--- START ---

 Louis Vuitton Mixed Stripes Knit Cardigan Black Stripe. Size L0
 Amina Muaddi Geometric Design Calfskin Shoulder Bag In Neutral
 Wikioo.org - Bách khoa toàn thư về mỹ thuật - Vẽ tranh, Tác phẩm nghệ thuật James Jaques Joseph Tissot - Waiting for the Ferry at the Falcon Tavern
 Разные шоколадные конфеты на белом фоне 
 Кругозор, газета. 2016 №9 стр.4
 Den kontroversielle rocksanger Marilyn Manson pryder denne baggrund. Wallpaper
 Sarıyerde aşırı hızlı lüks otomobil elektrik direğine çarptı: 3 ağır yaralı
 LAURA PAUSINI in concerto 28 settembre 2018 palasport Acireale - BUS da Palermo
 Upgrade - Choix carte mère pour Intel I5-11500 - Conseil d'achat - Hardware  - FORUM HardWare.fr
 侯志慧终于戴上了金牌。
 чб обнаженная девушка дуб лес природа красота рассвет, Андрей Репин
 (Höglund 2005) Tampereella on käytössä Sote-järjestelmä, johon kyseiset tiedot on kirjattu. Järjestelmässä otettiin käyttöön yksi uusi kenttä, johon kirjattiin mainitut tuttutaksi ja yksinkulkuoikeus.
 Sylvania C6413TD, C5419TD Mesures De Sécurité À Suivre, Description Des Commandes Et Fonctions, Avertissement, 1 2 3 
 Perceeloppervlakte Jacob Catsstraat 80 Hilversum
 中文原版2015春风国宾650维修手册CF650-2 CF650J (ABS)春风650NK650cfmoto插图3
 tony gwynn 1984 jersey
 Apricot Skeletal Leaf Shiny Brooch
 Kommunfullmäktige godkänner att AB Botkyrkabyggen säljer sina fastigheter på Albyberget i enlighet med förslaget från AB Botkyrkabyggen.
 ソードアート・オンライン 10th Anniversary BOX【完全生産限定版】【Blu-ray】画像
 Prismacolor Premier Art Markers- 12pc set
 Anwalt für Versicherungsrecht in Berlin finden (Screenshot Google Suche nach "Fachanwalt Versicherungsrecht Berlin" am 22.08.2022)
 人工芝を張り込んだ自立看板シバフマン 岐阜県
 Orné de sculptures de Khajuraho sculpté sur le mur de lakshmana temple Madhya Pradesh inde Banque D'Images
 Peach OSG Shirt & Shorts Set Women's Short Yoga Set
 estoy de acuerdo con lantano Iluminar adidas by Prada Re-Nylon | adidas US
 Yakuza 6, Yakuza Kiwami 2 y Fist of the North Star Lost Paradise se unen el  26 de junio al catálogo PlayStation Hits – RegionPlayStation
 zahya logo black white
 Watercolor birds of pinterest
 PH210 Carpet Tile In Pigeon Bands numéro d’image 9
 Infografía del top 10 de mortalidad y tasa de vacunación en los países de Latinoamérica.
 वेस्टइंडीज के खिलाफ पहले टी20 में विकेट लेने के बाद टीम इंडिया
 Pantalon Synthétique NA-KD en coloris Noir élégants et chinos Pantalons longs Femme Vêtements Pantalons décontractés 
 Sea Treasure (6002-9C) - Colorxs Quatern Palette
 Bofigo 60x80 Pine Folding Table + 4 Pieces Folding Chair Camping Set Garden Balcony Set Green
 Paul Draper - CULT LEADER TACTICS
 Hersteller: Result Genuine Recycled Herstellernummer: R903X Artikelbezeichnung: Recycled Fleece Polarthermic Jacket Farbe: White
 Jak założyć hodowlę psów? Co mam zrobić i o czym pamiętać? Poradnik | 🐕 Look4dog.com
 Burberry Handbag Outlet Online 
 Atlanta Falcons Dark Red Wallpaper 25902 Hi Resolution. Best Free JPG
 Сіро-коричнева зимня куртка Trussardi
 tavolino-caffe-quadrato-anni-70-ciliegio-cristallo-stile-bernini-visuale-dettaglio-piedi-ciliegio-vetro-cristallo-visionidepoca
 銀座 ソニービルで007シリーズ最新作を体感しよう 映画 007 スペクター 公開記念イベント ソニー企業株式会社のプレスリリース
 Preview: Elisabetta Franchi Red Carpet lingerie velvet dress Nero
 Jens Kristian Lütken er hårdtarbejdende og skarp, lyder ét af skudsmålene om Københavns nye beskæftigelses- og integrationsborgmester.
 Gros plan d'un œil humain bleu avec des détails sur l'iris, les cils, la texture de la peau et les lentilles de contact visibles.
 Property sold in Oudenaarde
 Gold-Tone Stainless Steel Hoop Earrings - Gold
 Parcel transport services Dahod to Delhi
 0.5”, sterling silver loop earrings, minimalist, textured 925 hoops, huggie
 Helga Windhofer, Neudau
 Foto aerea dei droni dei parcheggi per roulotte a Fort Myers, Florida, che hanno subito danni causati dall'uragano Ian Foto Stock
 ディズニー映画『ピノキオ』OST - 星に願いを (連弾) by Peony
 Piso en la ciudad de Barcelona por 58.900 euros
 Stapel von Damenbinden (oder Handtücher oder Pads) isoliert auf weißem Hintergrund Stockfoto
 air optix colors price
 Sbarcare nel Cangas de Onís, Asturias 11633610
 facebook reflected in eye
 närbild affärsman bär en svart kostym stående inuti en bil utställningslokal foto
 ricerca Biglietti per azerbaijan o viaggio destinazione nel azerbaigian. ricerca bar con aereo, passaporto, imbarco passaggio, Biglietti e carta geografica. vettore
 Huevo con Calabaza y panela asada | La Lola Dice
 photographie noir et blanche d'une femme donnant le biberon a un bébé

--- END ---

- **DESCRIPTION OF THE TASK**:
Every line of the listing that holds "Wallpaper" should be found and copied.

- **YOUR RESPONSE**:
 Den kontroversielle rocksanger Marilyn Manson pryder denne baggrund. Wallpaper
 Atlanta Falcons Dark Red Wallpaper 25902 Hi Resolution. Best Free JPG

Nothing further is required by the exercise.